In such cases, local environments remain useful, but they must be combined with global or learned relational features.

34. Comparison to graph neural representations

  • Graph models also start from neighborhoods, but they learn the aggregation function rather than fixing it by hand.
  • Classical local descriptors remain valuable because they are interpretable, cheap, and effective in small-data settings.
  • In practice, they are often the baseline that more complex learned representations must beat.
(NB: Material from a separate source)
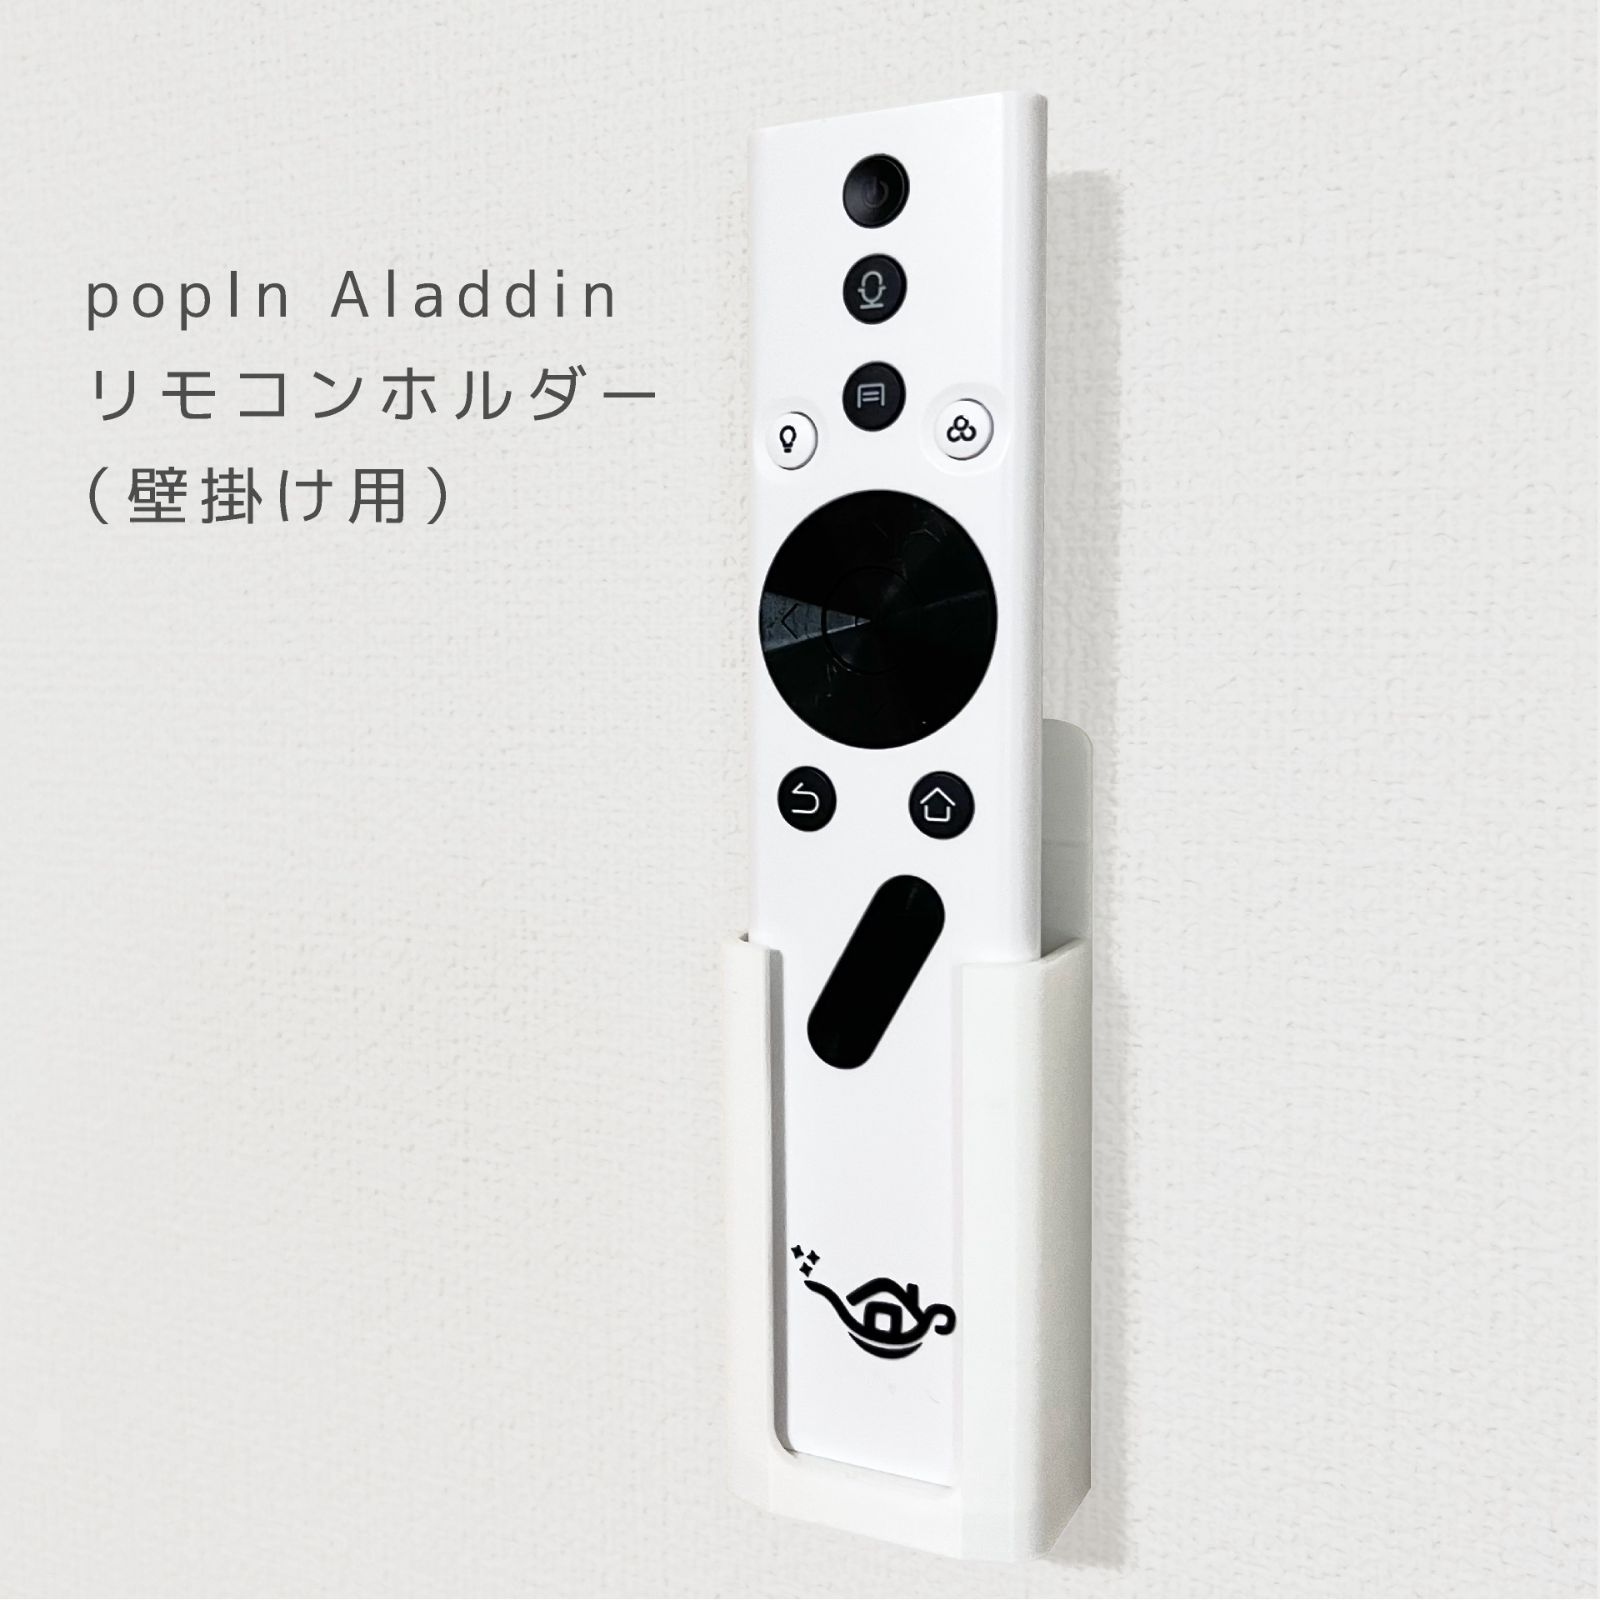 POP-IN ALADDIN 2 美品 本体・リモコン・取説付き - プロジェクター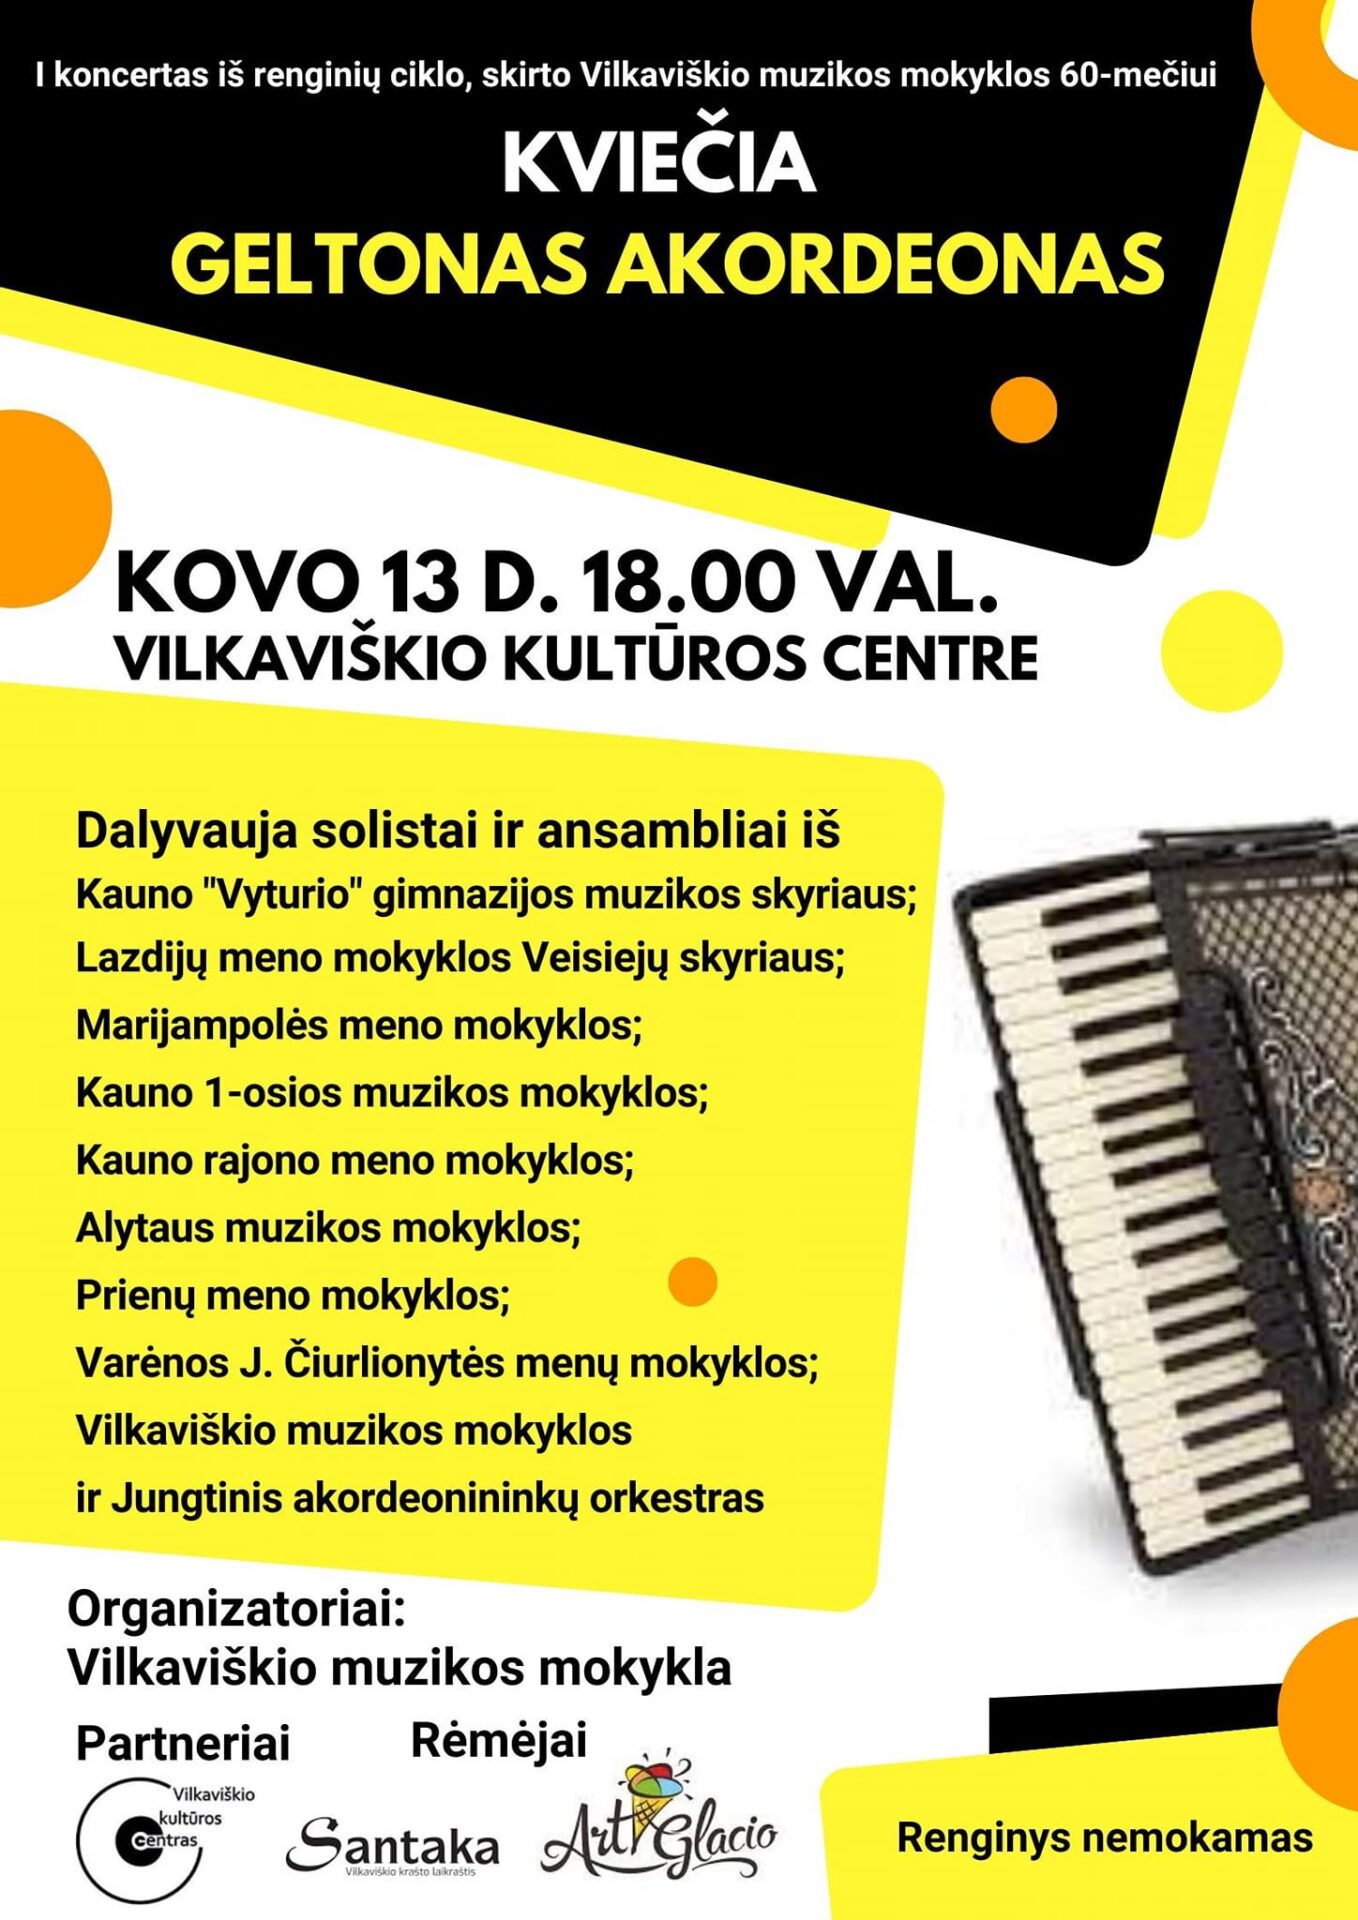 I-asis koncertas, skirtas Vilkaviškio muzikos mokyklos 60-mečiui

35. Cutoff radius as a scientific hyperparameter

  • If r_c is too small, important neighbors are excluded.
  • If r_c is too large, the descriptor becomes expensive and may include weakly relevant structure.
  • The best cutoff depends on the chemistry and on the target property.

So the cutoff is part of the model, not merely preprocessing boilerplate.

36. Failure mode: parser and periodicity errors

  • Wrong unit-cell parsing or missing periodic images produce nonphysical local neighborhoods.
  • This creates systematic feature noise before any model is trained.
  • A high-capacity model may still fit such data and hide the preprocessing mistake.

The first debugging step should therefore be structural inspection, not hyperparameter tuning.

37. Failure mode: polymorph aliasing

  • Different polymorphs can share very similar local motifs.
  • A local descriptor may then suggest strong similarity even when bulk properties differ strongly.
  • This is particularly dangerous if the target depends on framework connectivity or long-range ordering.

The mitigation is to add global context or use a richer representation.

38. Quality checklist before downstream learning

Before using local descriptors in a predictive model, ask: - are neighbor lists physically correct? - is the cutoff scientifically justified? - does the descriptor vary smoothly under small perturbations? - does pooling preserve the motif statistics relevant to the property? - will the train-test split prevent near-duplicate structures from leaking across sets?

39. Summary

  • Local environments describe the neighborhood of each atom rather than the entire crystal at once.
  • Coordination, distances, angles, and Voronoi geometry are useful first descriptors.
  • ACSF and SOAP add principled symmetry-aware expressivity.
  • Pooling converts atom-level features into material-level inputs.
  • The main risks are scientific mismatch, bad preprocessing, and missing long-range context.

40. Bridge to Unit 7

  • Once we have a material-level vector, the representation problem becomes a regression problem.
  • But predictive success in materials science depends on more than a low mean error.
  • Unit 7 therefore studies baselines, split design, learning curves, leakage, and out-of-distribution generalization.